Recursive solution is not that hard either. You just need an additional wrapper function to use the predefined function signature. Instead of a while loop, we have an if condition. One might think that we do not need that if condition. Think again. Without it, we will fall into an infinite loop. Another pitfall is in the elif and else condition. It is easy to forget the return and just call the function. That will again result in an infinite loop. Other than these two things, nothing much to say about the recursive solution.

def binarysearch2(s, l):
  return binarysearchrecursive(s, l, 0, len(l) - 1)

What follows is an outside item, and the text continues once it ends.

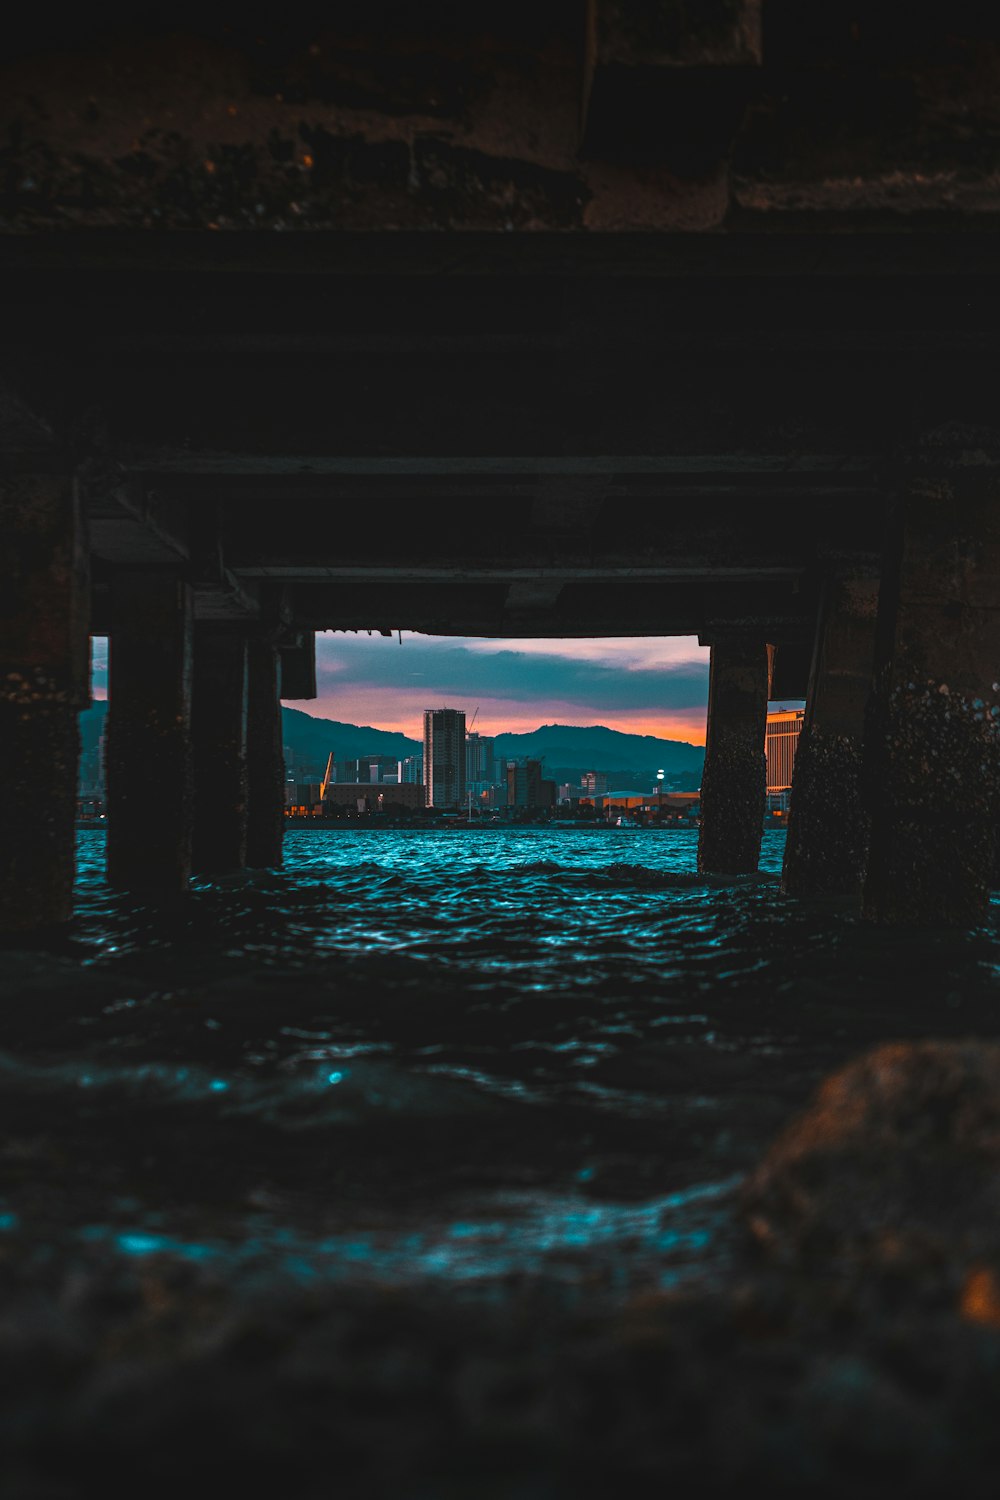 日没時の橋の下の水域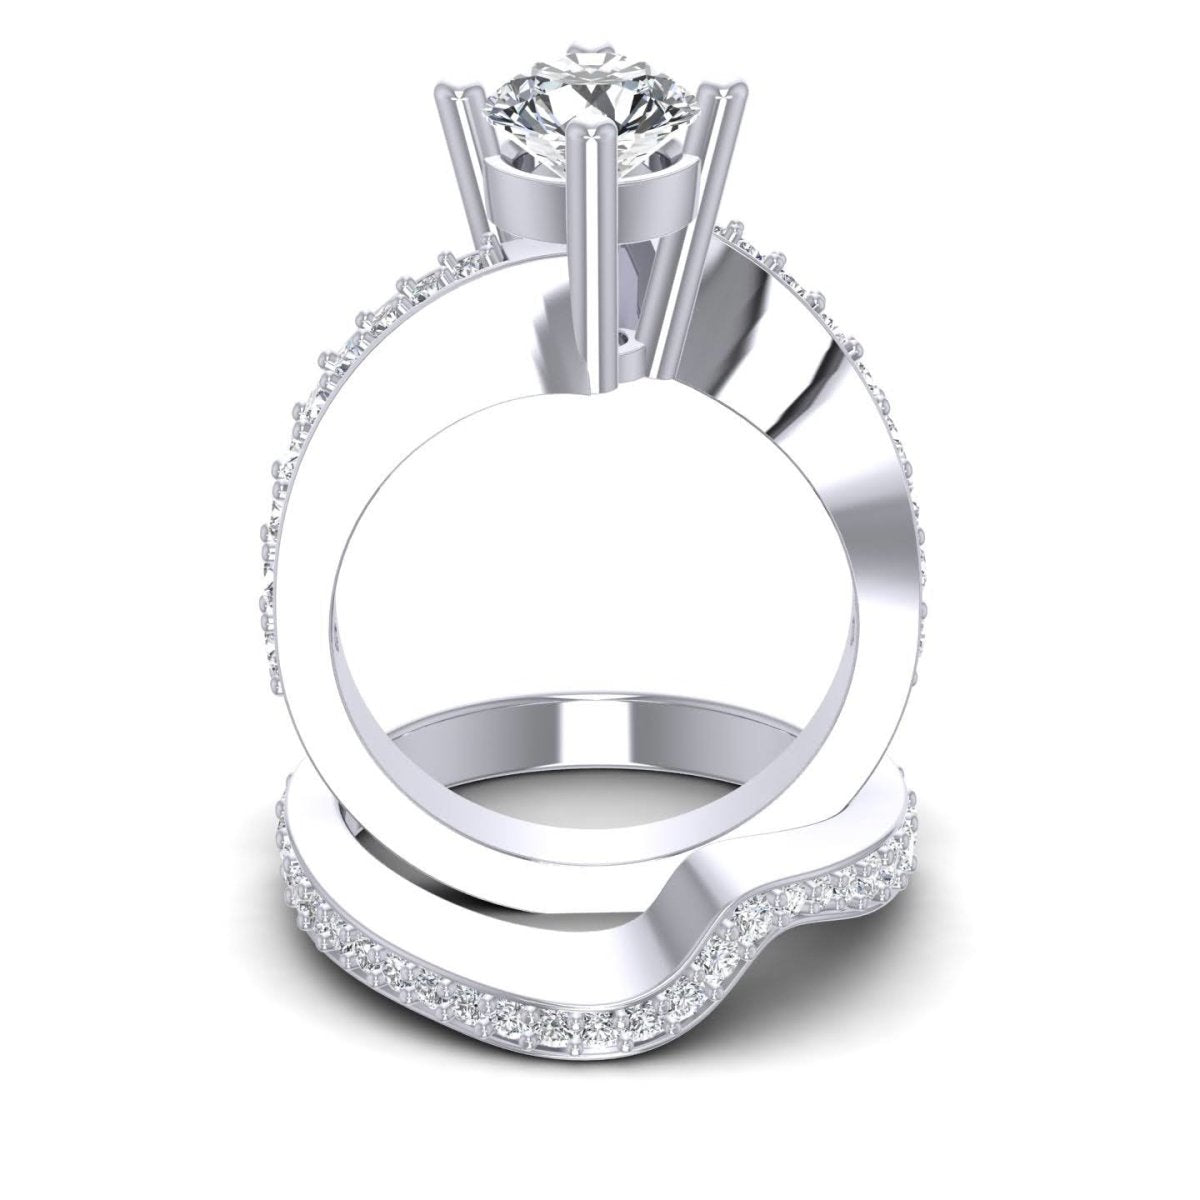 Delightful 1.05 CT Round Cut Diamond Bridal Set in 14KT White Gold - Primestyle.com

def binarysearchrecursive(s, l, lo, hi):
  if(lo <= hi):
    mid = (hi - lo)/2 + lo
    if(l[mid] == s):
      return mid
    elif(l[mid] < s):
      return binarysearchrecursive(s, l, mid + 1, hi)
    else:
      return binarysearchrecursive(s, l, lo, mid-1)
  return -1

Slicing solution

This uses some Python specialties - list slicing. Here instead of passing the entire list to the recursive function, we only pass in the list where our search term may be present. It may be tempting to implement it exactly like the recursive solution but with list slicing until you start running into failures. Reason for that is the expected return value. Return value is the index of the search element in the original list. Once you slice, you lose the original indexing (unless the search term is in the left half of all the splits). Only way to fix this is by passing the index of the left most element in the original list and adding it to the returned value. Think about it.

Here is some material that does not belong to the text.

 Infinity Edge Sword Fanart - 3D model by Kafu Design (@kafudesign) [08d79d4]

def binarysearchslice(s, l, offset):
  lo = 0
  hi = len(l) - 1
  if(lo <= hi):
    mid = (hi - lo)/2 + lo
    if(l[mid] == s):
      return (mid + offset)
    elif(l[mid] < s):
      return binarysearchslice(s, l[mid+1:], offset+mid+1)
    else:
      return binarysearchslice(s, l[:mid], offset)
  return -1

def binarysearch3(s, l):
  return binarysearchslice(s, l, 0)

Conclusion

Codekata asks for 5 different solutions. I could only come up with these 3 in one day. I have not thought about other ways of solving this problem. I will update the blog post when I have more approaches.